== Supplied data ==

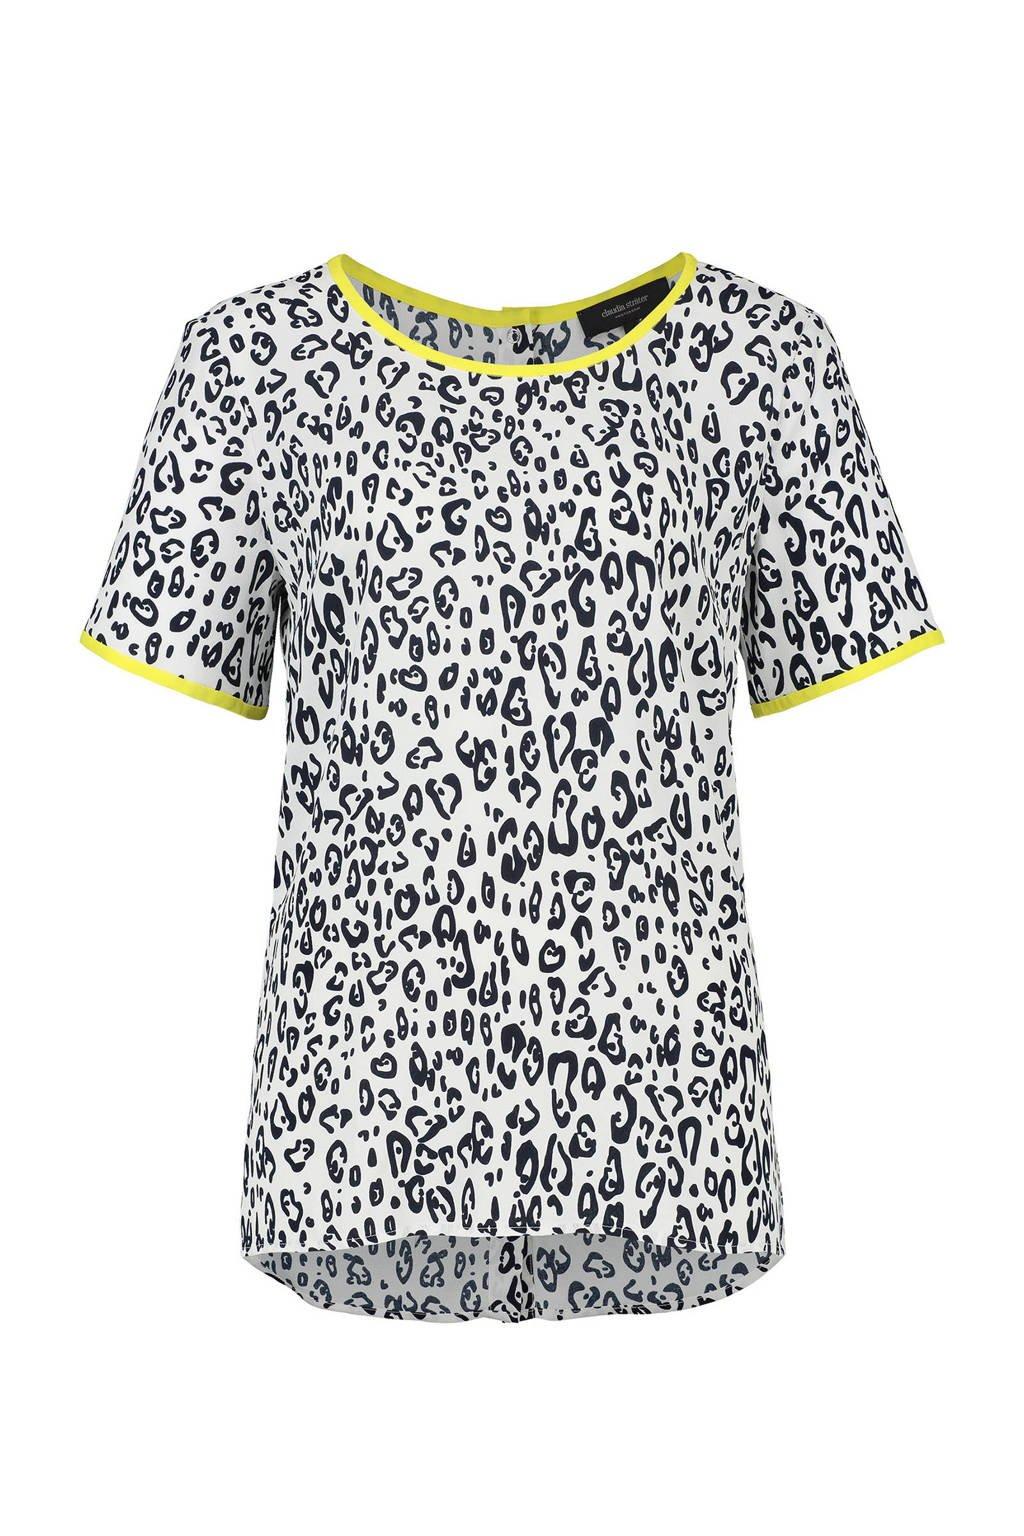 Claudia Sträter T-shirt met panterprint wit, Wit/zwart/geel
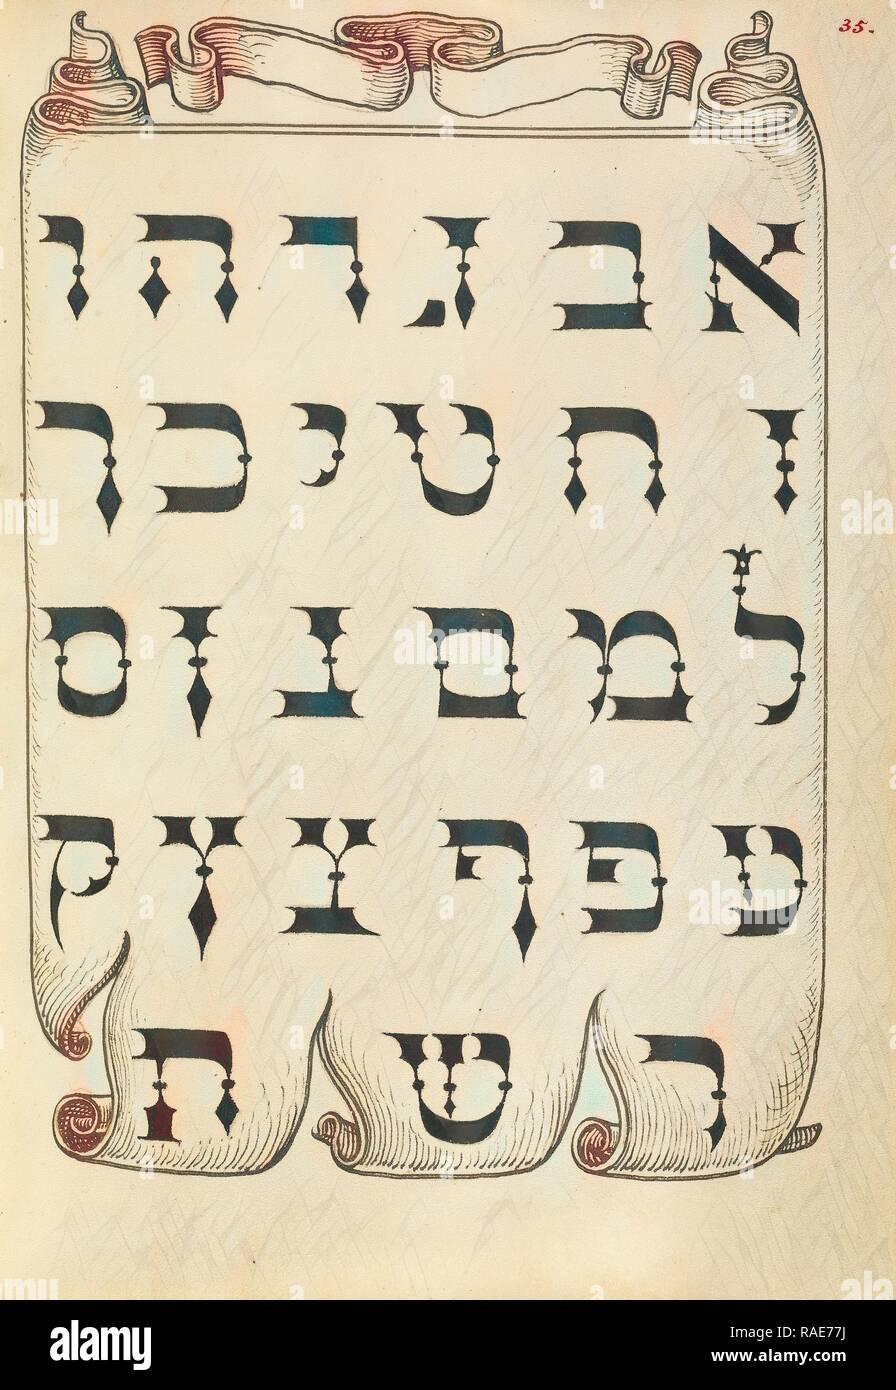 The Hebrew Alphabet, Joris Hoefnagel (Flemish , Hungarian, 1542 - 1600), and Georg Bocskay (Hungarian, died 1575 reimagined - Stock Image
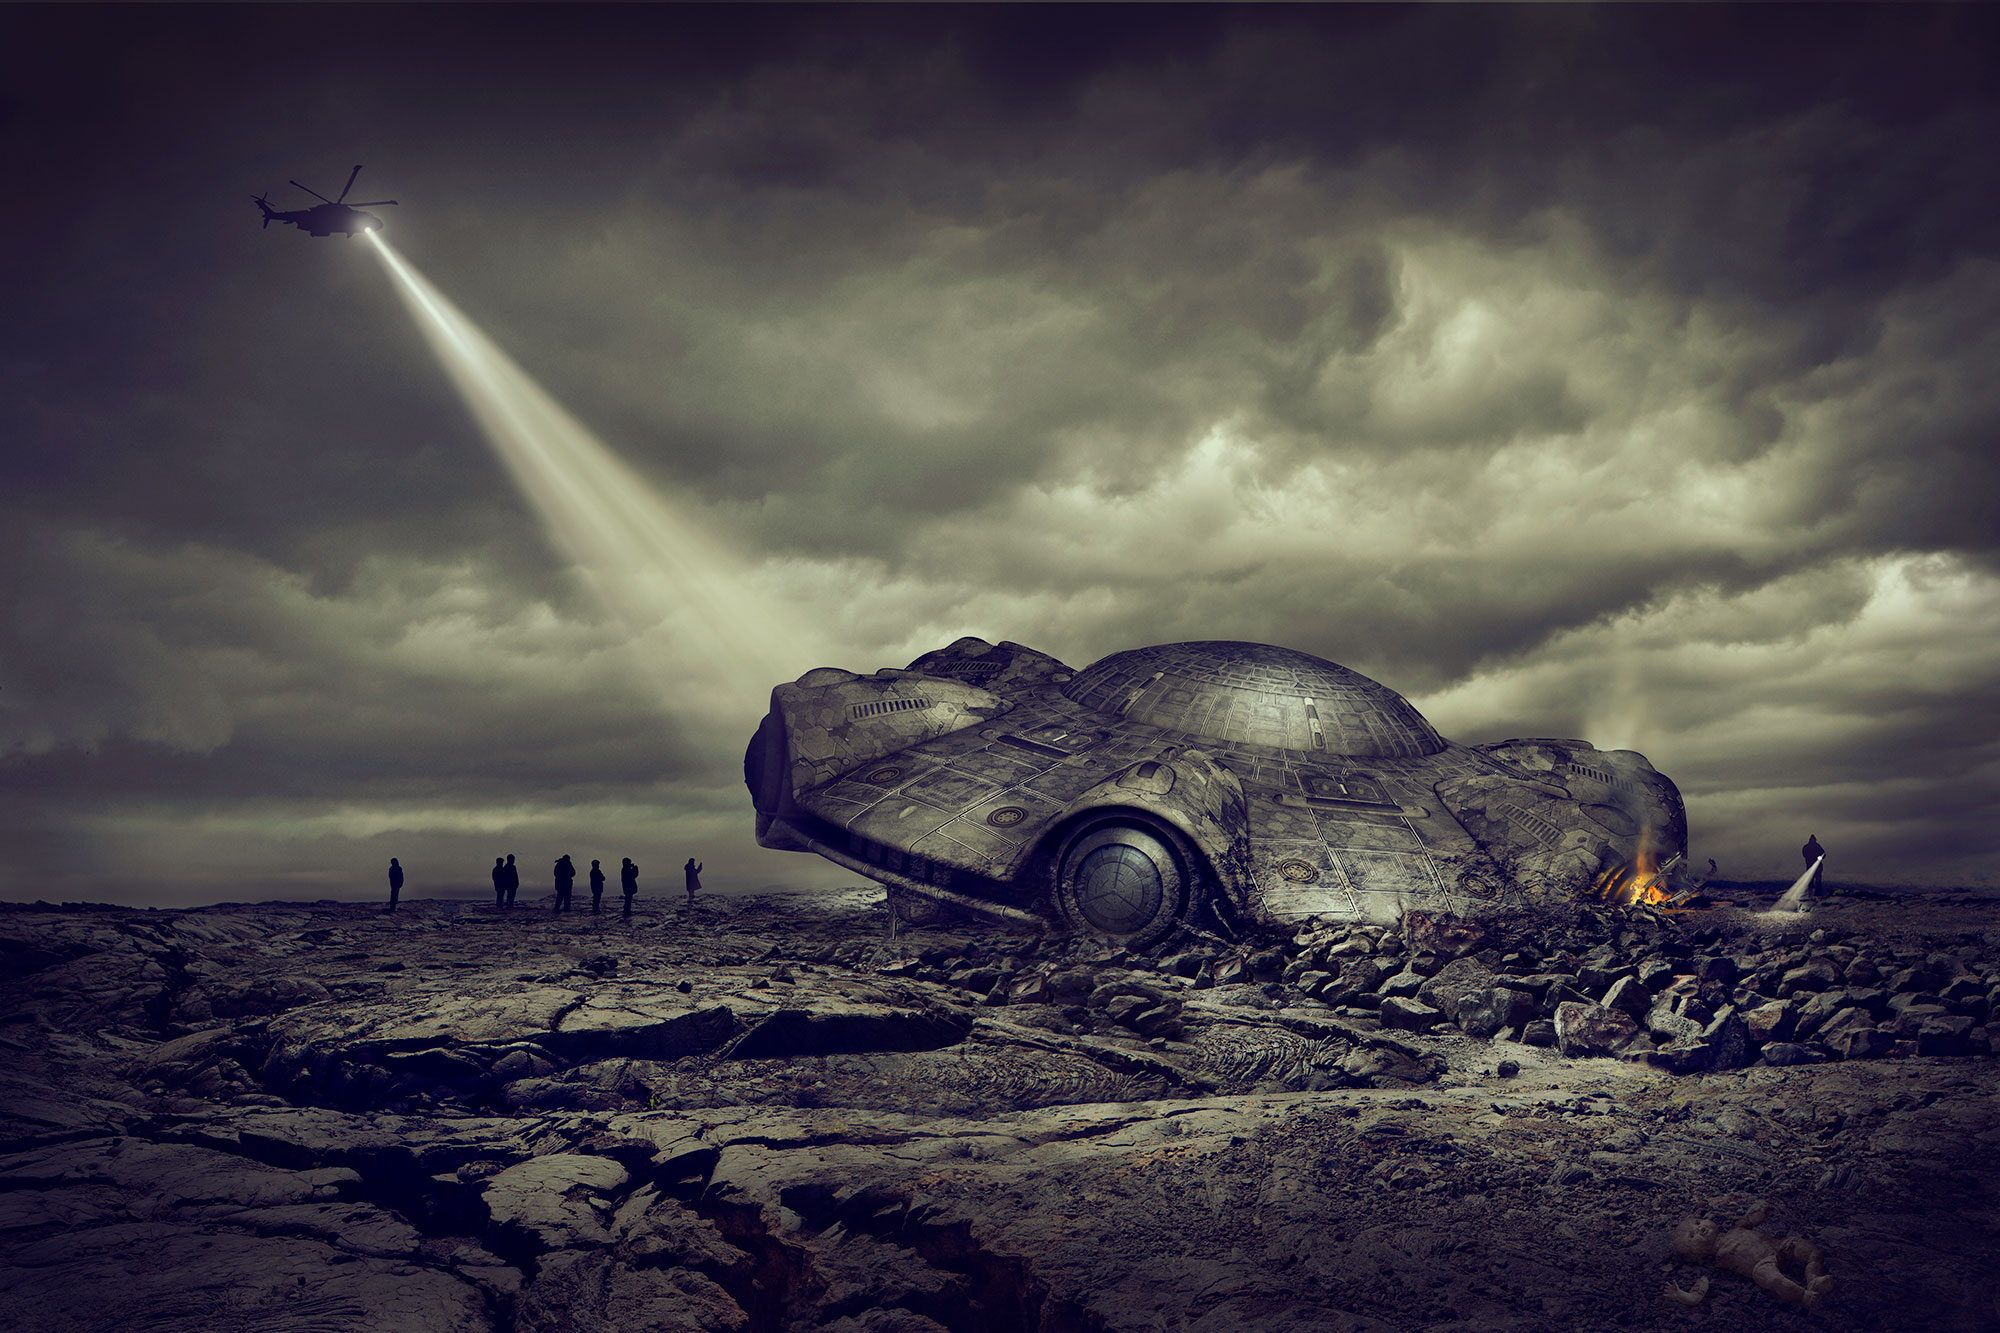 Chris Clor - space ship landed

===

- **About this task**
Every line from the one with "The Hebrew Alphabet, Joris" through the last line of the data must be copied exactly. Leave the pictures out.

- **Expected output**
 The Hebrew Alphabet, Joris Hoefnagel (Flemish , Hungarian, 1542 - 1600), and Georg Bocskay (Hungarian, died 1575 reimagined - Stock Image
 Chris Clor - space ship landed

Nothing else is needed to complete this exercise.